__Given data__:
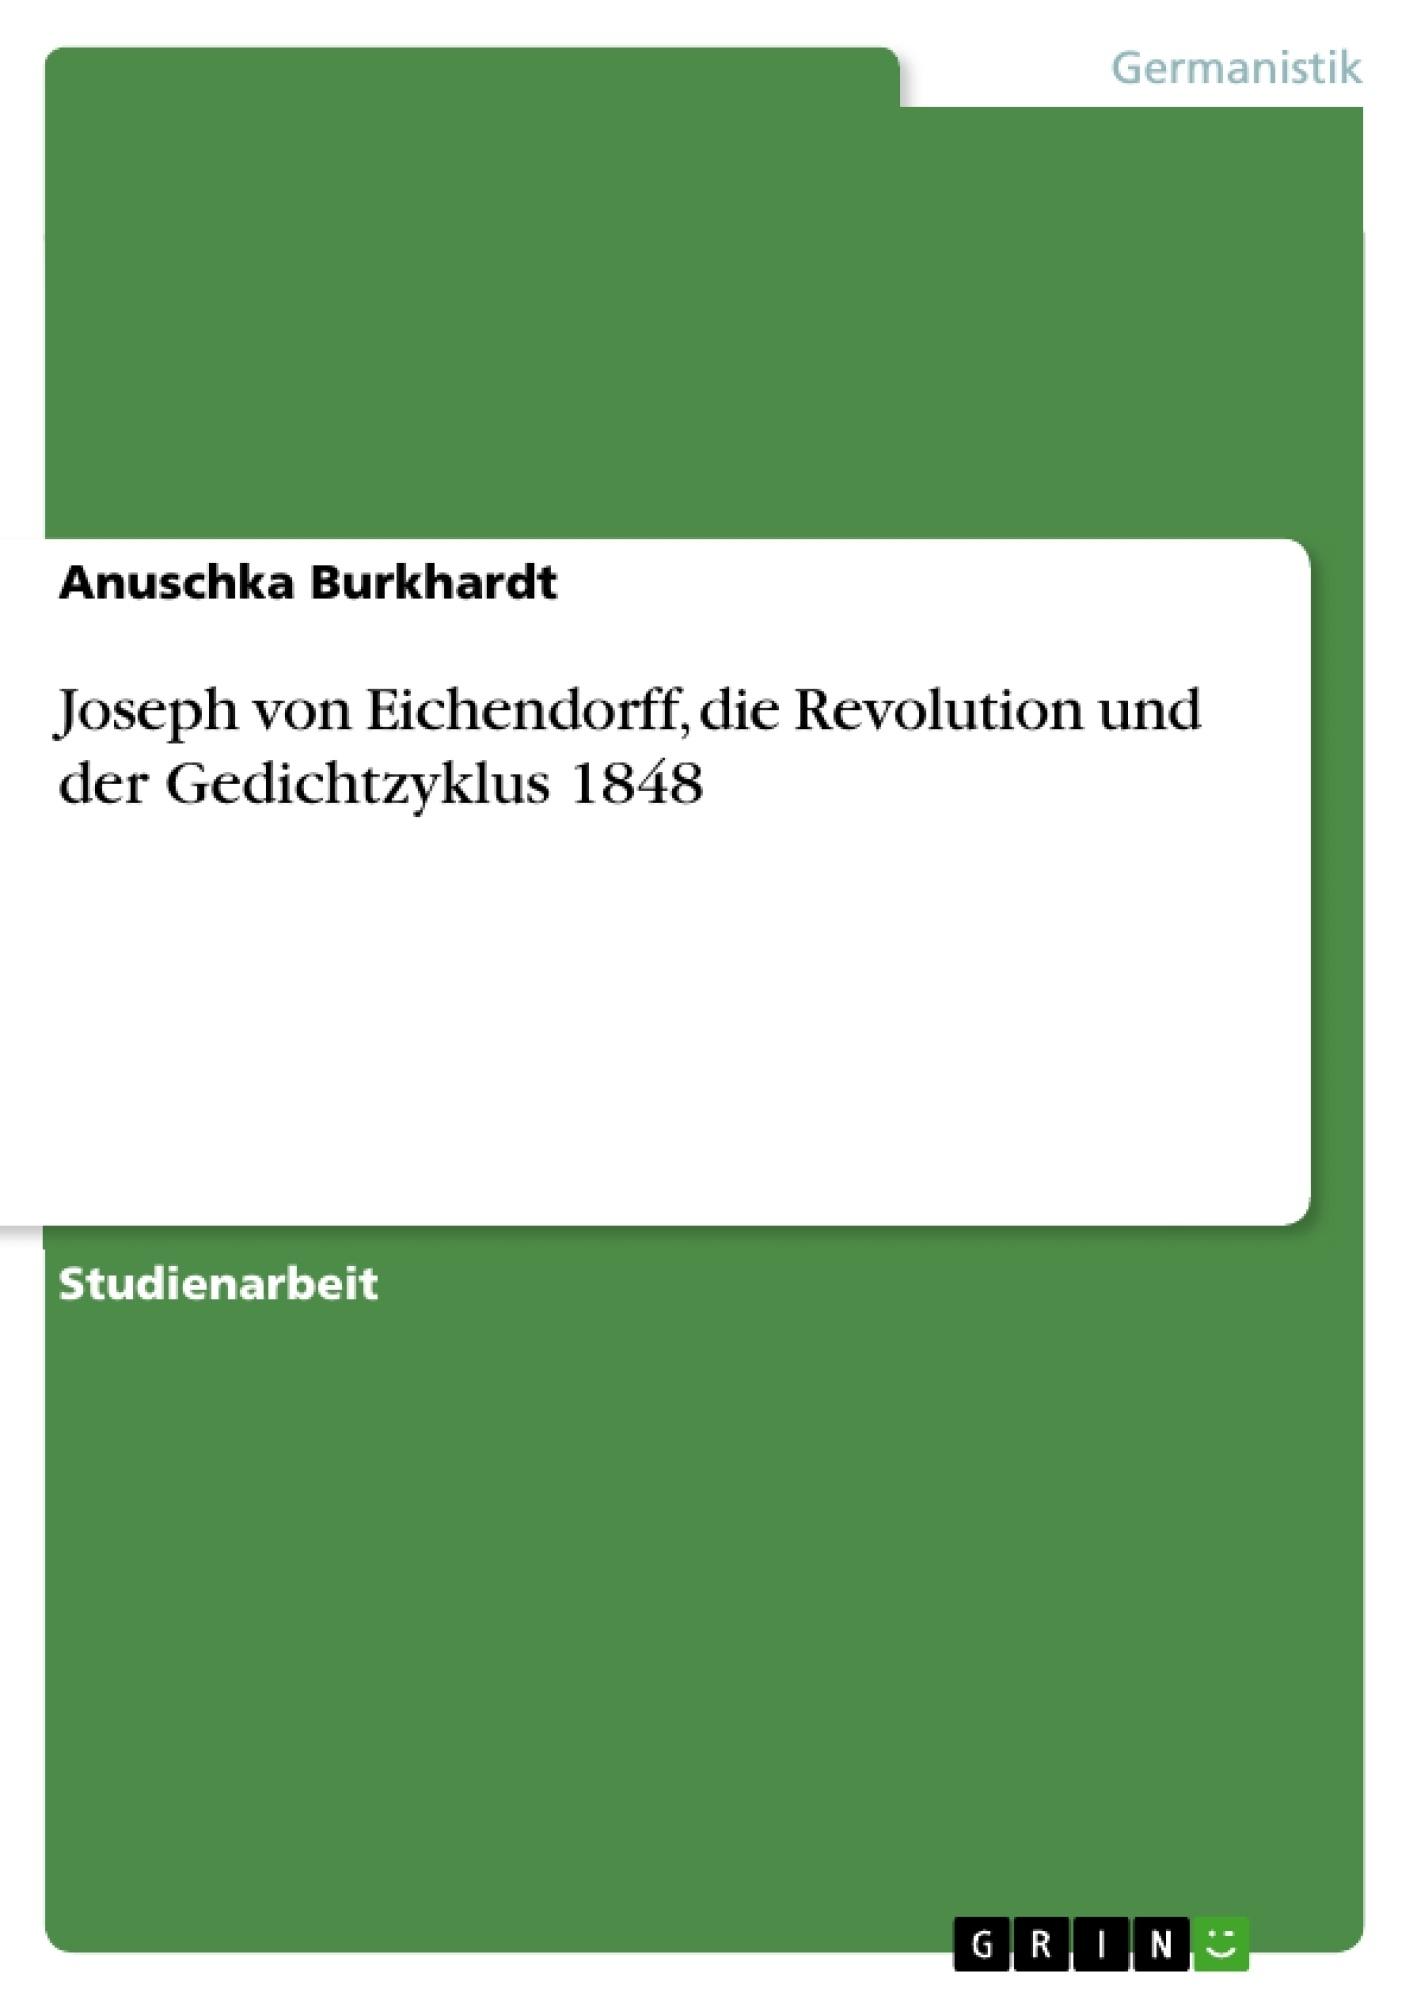 Titel: Joseph von Eichendorff, die Revolution und der Gedichtzyklus 1848
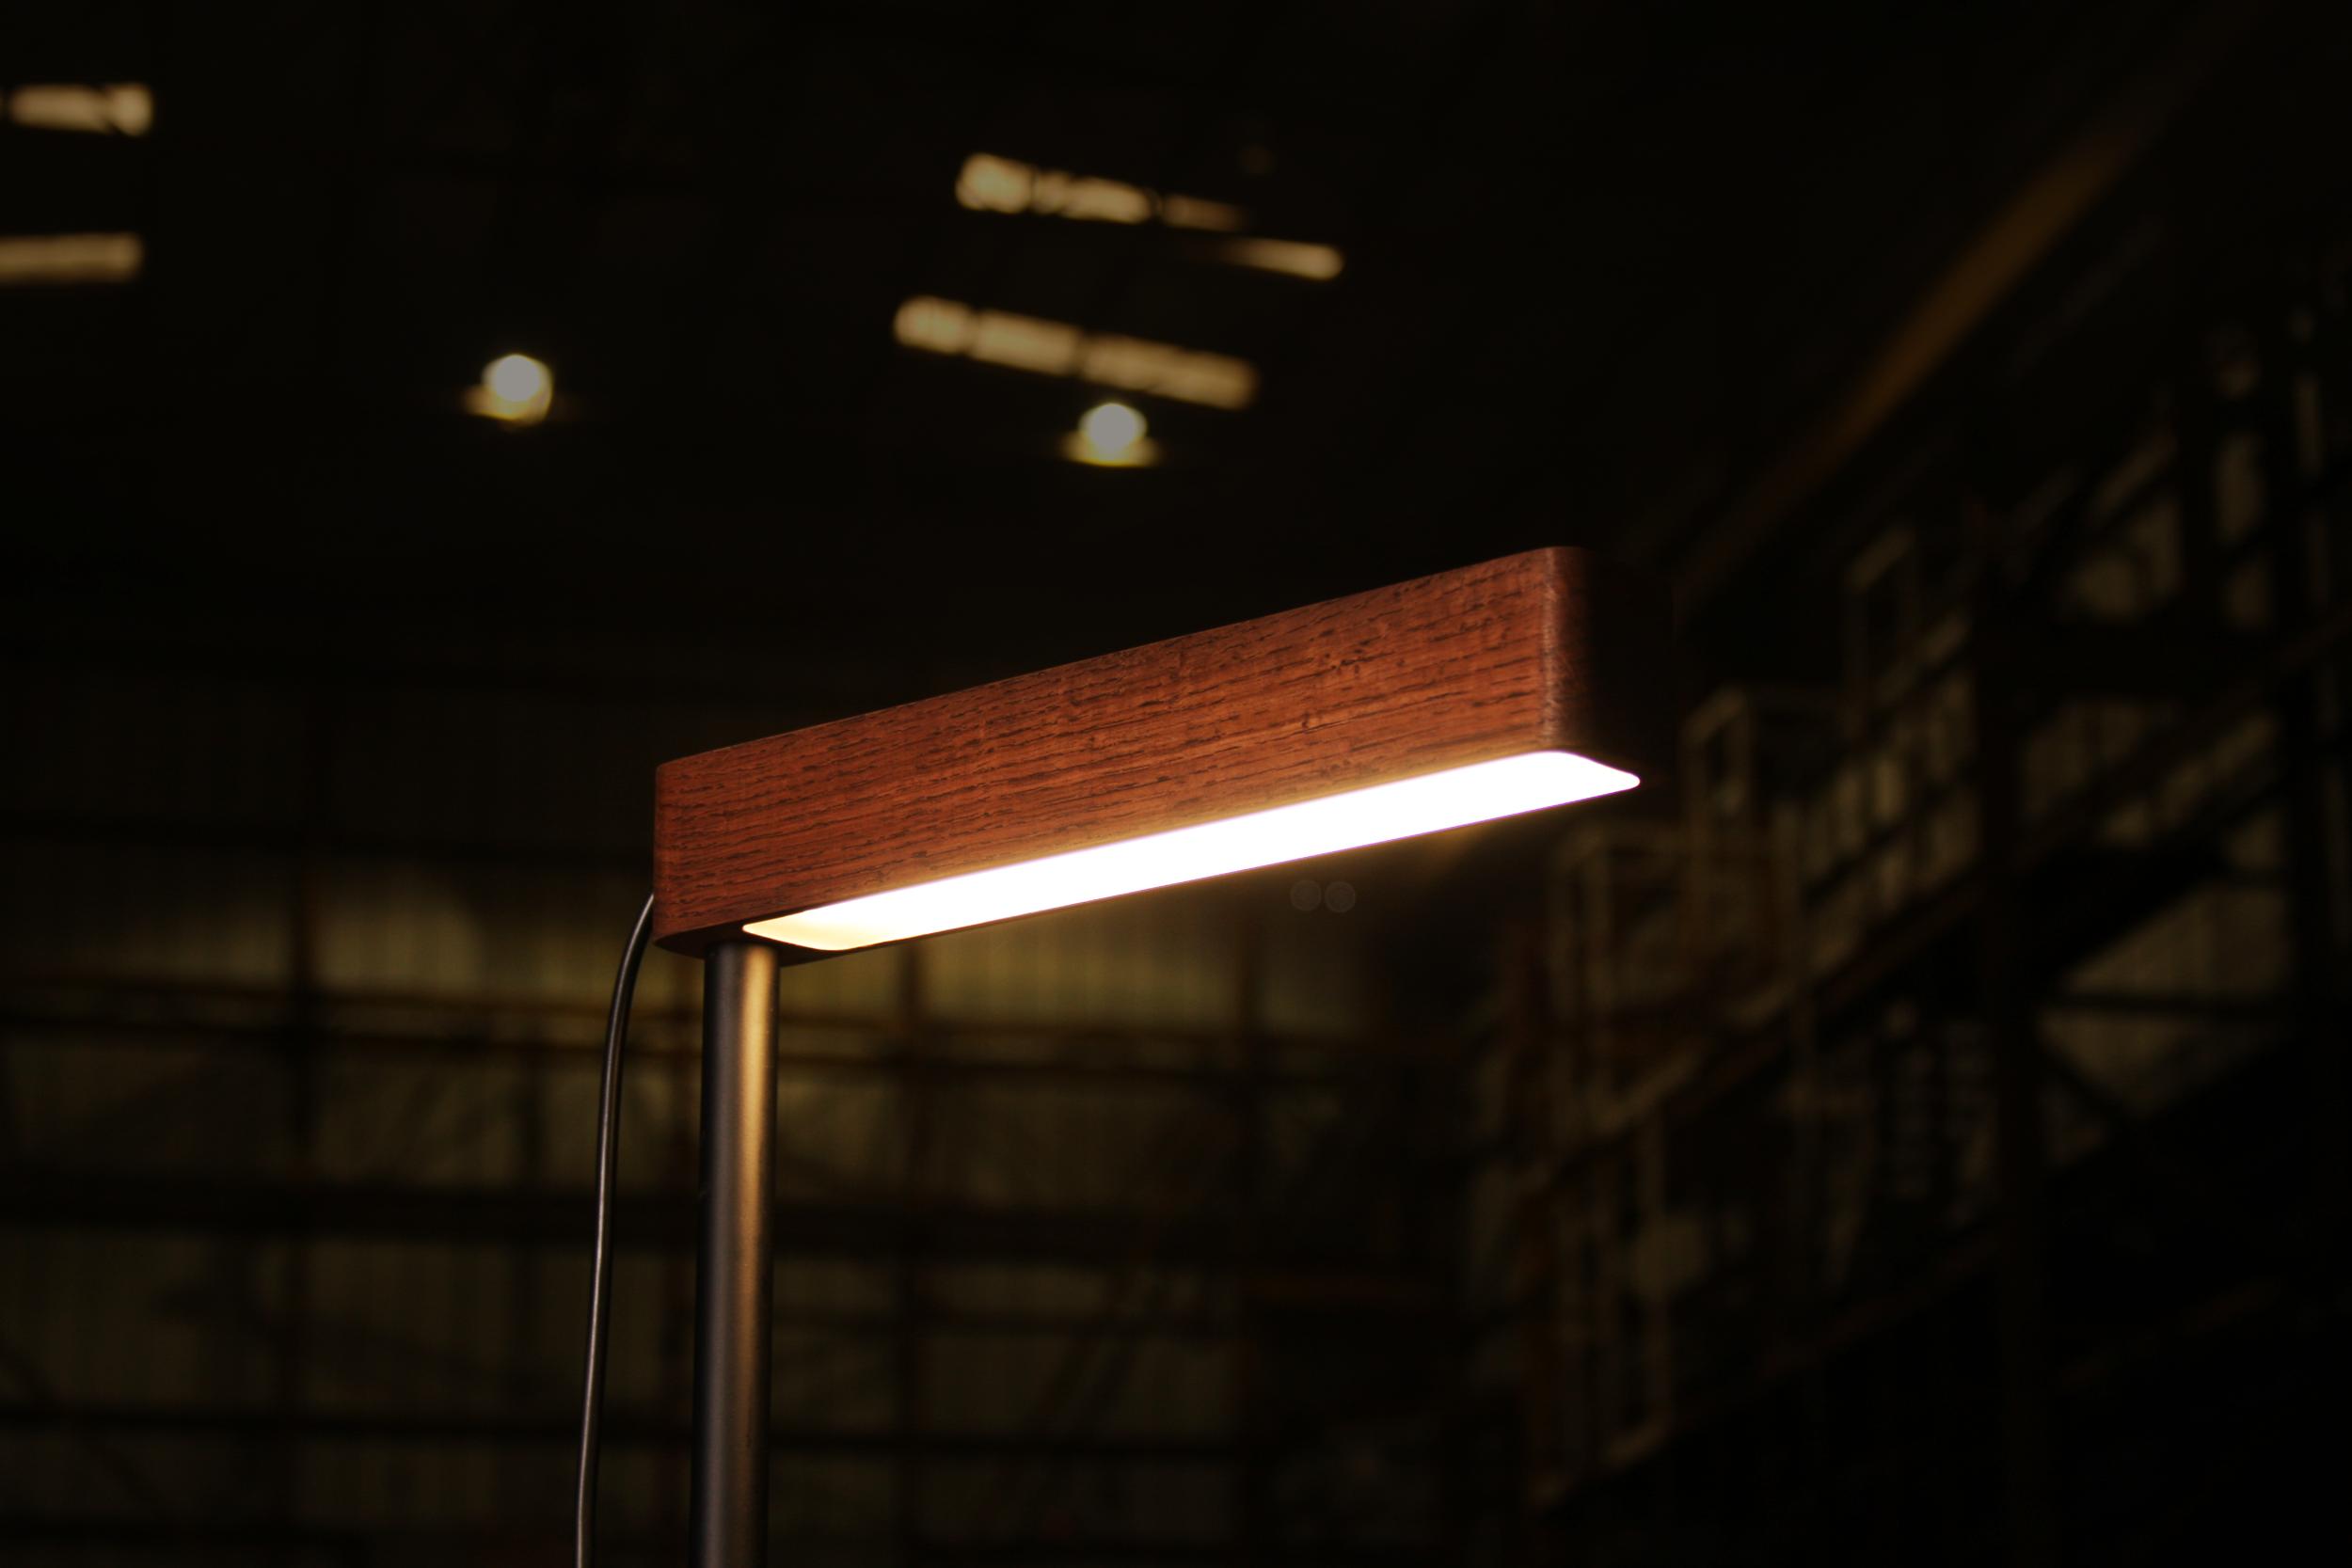 Stela lamp top.png
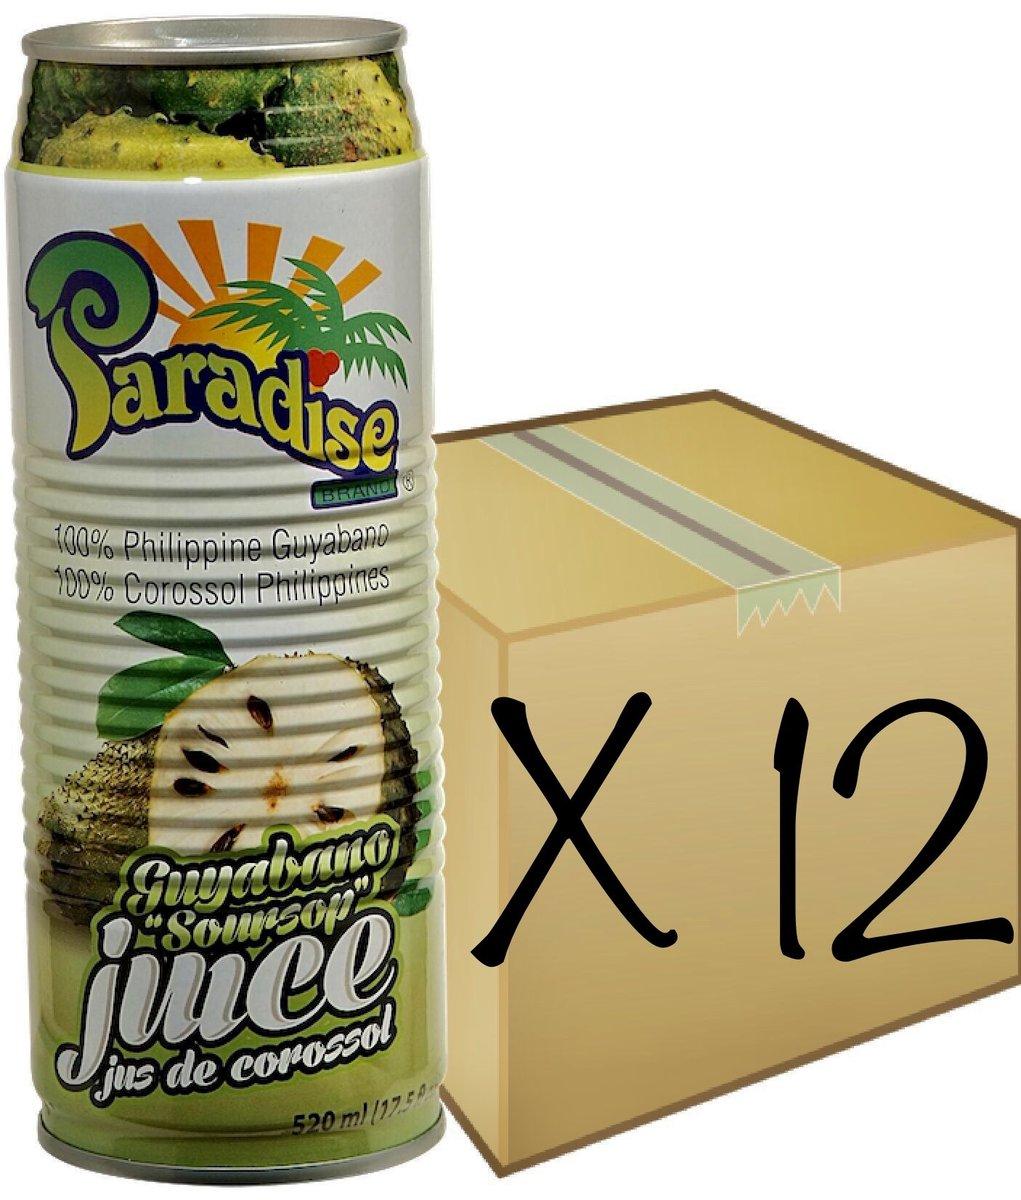 [FULL CASE] Guyabano Juice

__Task requirements__: If pictures appear in the data, do not print them; repeat the rest exactly.

__Written answer__:
 Titel: Joseph von Eichendorff, die Revolution und der Gedichtzyklus 1848
 Stela lamp top.png
 [FULL CASE] Guyabano Juice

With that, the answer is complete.